GMIO::free(inputArray);
GMIO::free(outputArray);
The input_gmio
/output_gmio
APIs can be
used in various ways to perform different level of control for read/write access and
synchronization between the AI Engine, PS, and
DDR memory. Either input_gmio::gm2aie
, output_gmio::aie2gm
, input_gmio::gm2aie_nb
or output_gmio::aie2gm_nb
can be called multiple times to associate
different memory spaces for the same input_gmio
/output_gmio
object during
different phases of graph execution. Different input_gmio
/output_gmio
objects can
be associated with the same memory space for in-place AI Engine–DDR read/write access. Blocking versions of input_gmio::gm2aie
and output_gmio::aie2gm
APIs themselves are synchronization point for data
transportation and kernel execution.
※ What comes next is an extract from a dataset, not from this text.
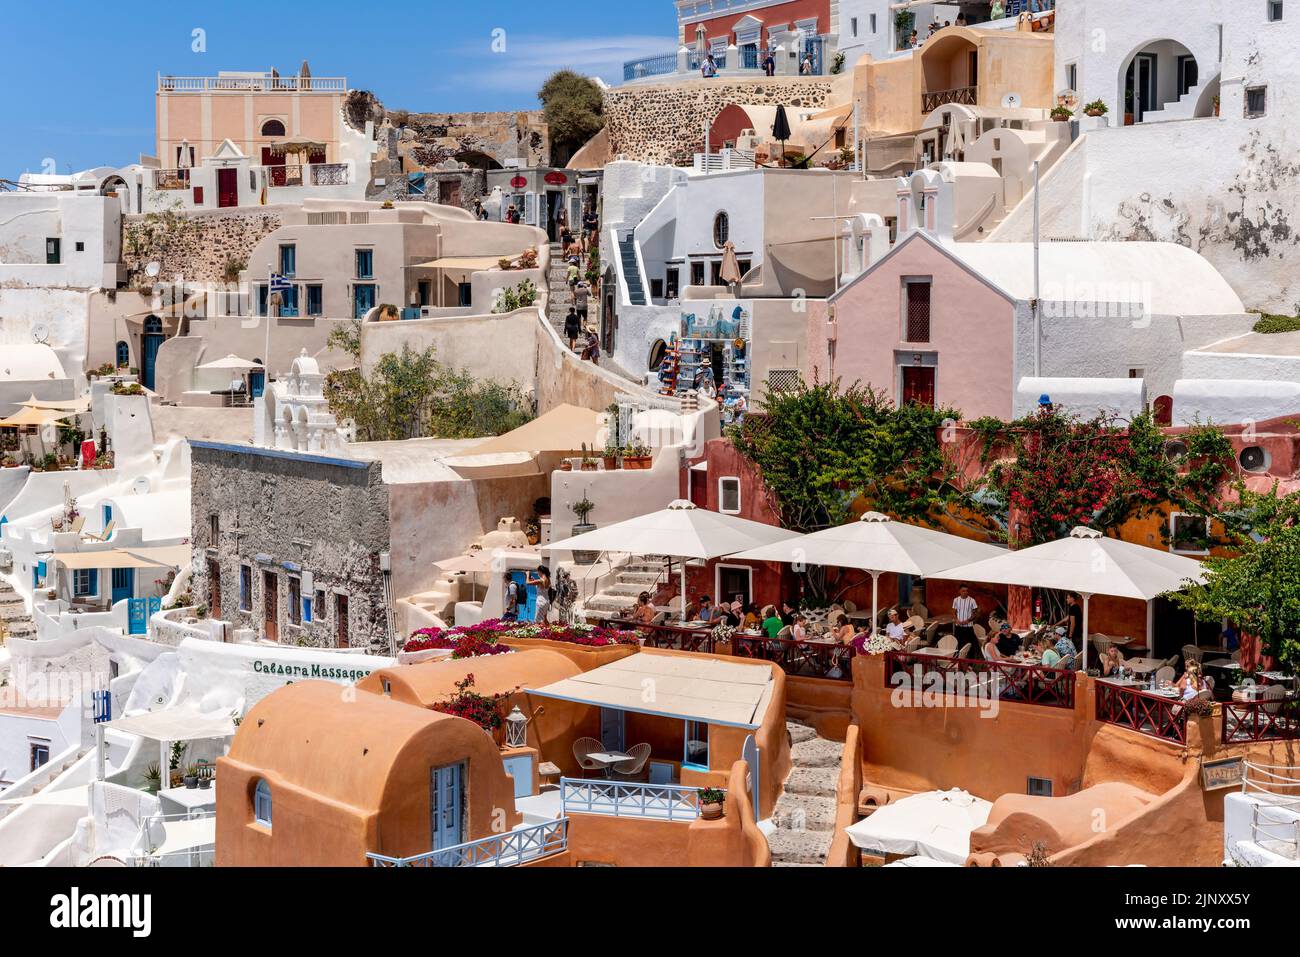 Personnes manger dans Un restaurant donnant sur la mer Égée dans la ville d'Oia, Santorin, les îles grecques, Grèce. Banque D'Images
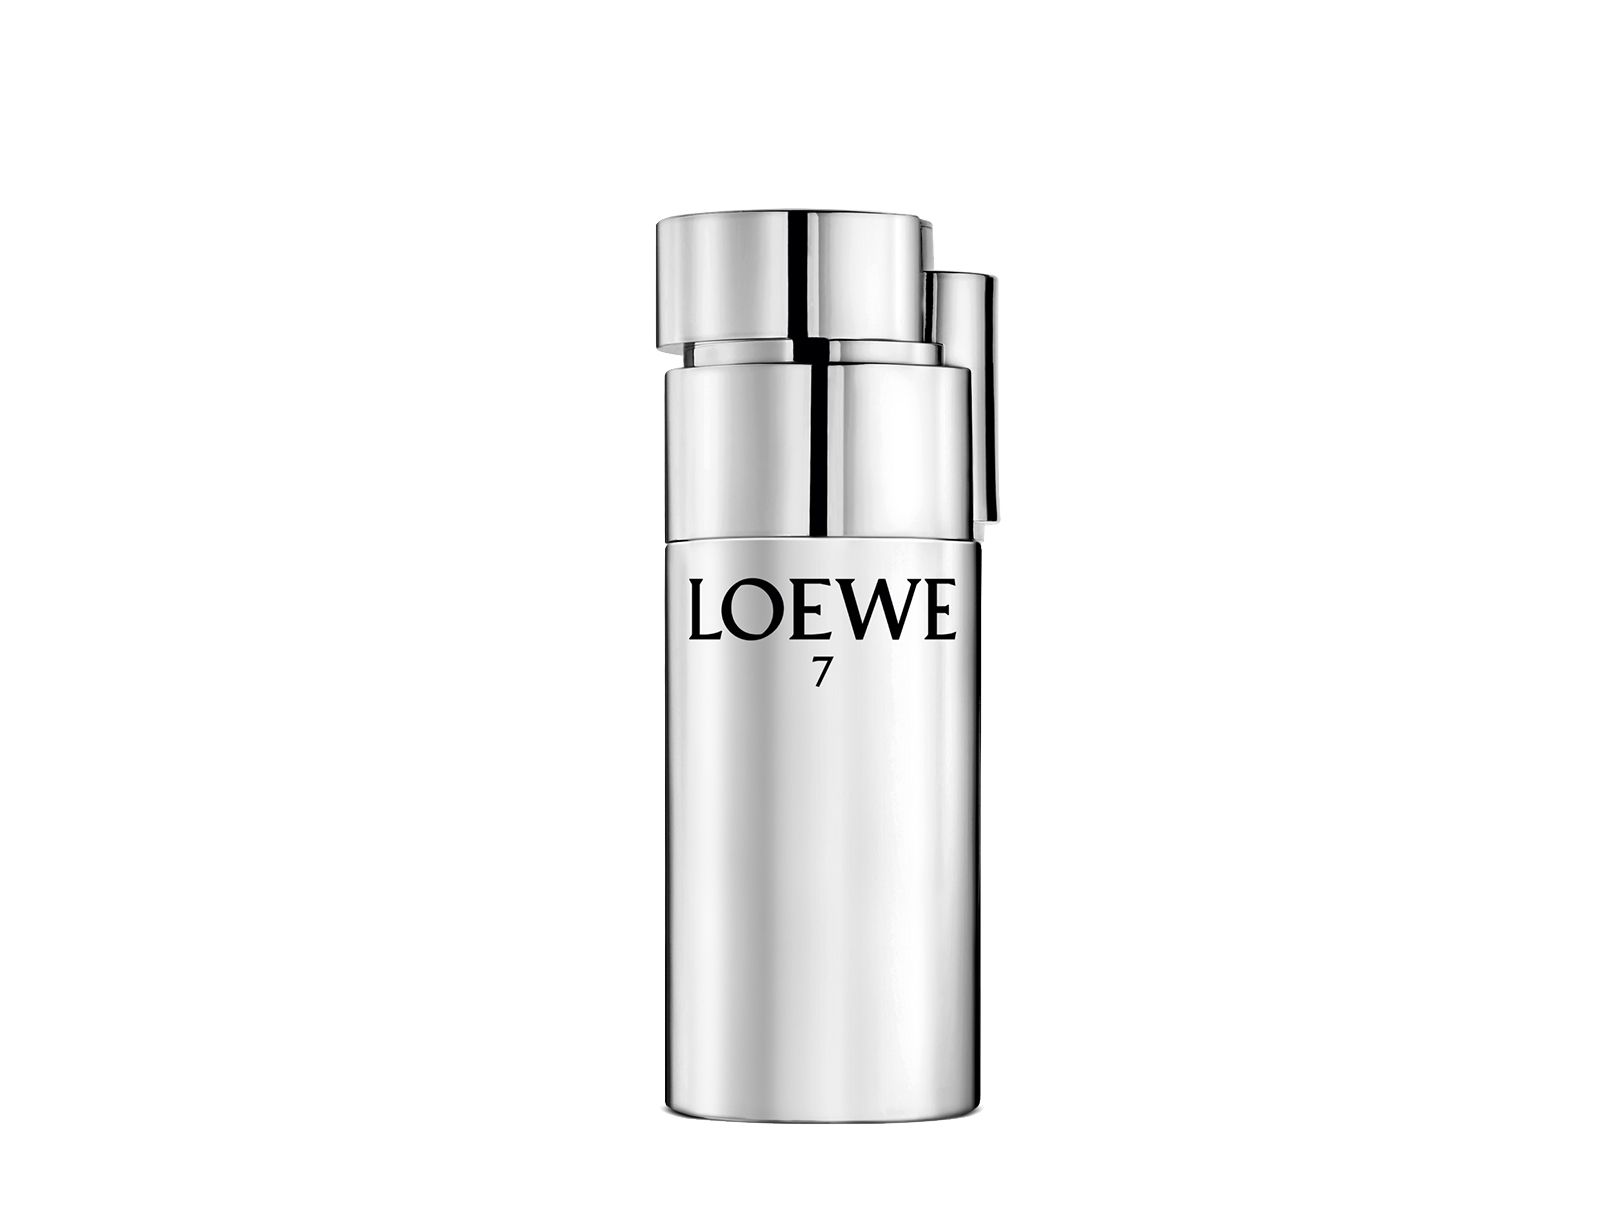 LOEWE Perfumes presenta Loewe 7 Plata

Calling input_gmio::gm2aie
(or output_gmio::aie2gm
) is equivalent to calling input_gmio::gm2aie_nb
(or output_gmio::aie2gm_nb
) followed immediately by output_gmio::wait
. The following example shows the
combination of the aforementioned use
cases.
myGraph gr;
int main(int argc, char ** argv)
{
const int BLOCK_SIZE=256;
// dynamically allocate memory spaces for in-place AI Engine read/write access
int32* inoutArray=(int32*)GMIO::malloc(BLOCK_SIZE*sizeof(int32));
gr.init();
for (int k=0; k<4; k++)
{
// provide input data to AI Engine in inoutArray
for(int i=0;i<BLOCK_SIZE;i++){
inoutArray[i]=i;
}
gr.run(8);
for (int i=0; i<8; i++)
{
gr.gmioIn.gm2aie(inoutArray+i*32, 32*sizeof(int32)); //blocking call to ensure transaction data is read from DDR to AI Engine
gr.gmioOut.aie2gm_nb(inoutArray+i*32, 32*sizeof(int32));
}
gr.gmioOut.wait();
// can start to access output data from AI Engine in inoutArray
// ...
}
GMIO::free(inoutArray);
gr.end();
return 0;
}
In the previous example, the two GMIO objects
gmioIn
and gmioOut
are using the same memory space allocated by inoutArray
for in-place read and write access.
Without knowing data flow dependency among the kernels inside the
graph, and to ensure write-after-read for the inoutArray
memory space, the blocking version gr.gmioIn.gm2aie()
is called to ensure transaction data is copied from
DDR memory to AI Engine local memory before
issuing a write transaction to the same memory space in gr.gmioOut.aie2gm_nb()
.
gr.gmioIn.gm2aie(inoutArray+i*32, 32*sizeof(int32)); //blocking call to ensure transaction data is read from DDR to AI Engine
gr.gmioOut.aie2gm_nb(inoutArray+i*32, 32*sizeof(int32));
gr.gmioOut.wait()
is to ensure
that data has been migrated to DDR memory. After it is done, the PS can access
output data for post-processing.
The graph execution is
divided into four phases in the for loop, for (int k=0;
k<4; k++)
. inoutArray
can be
re-initialized in the for
loop with different data
to be processed in different phases.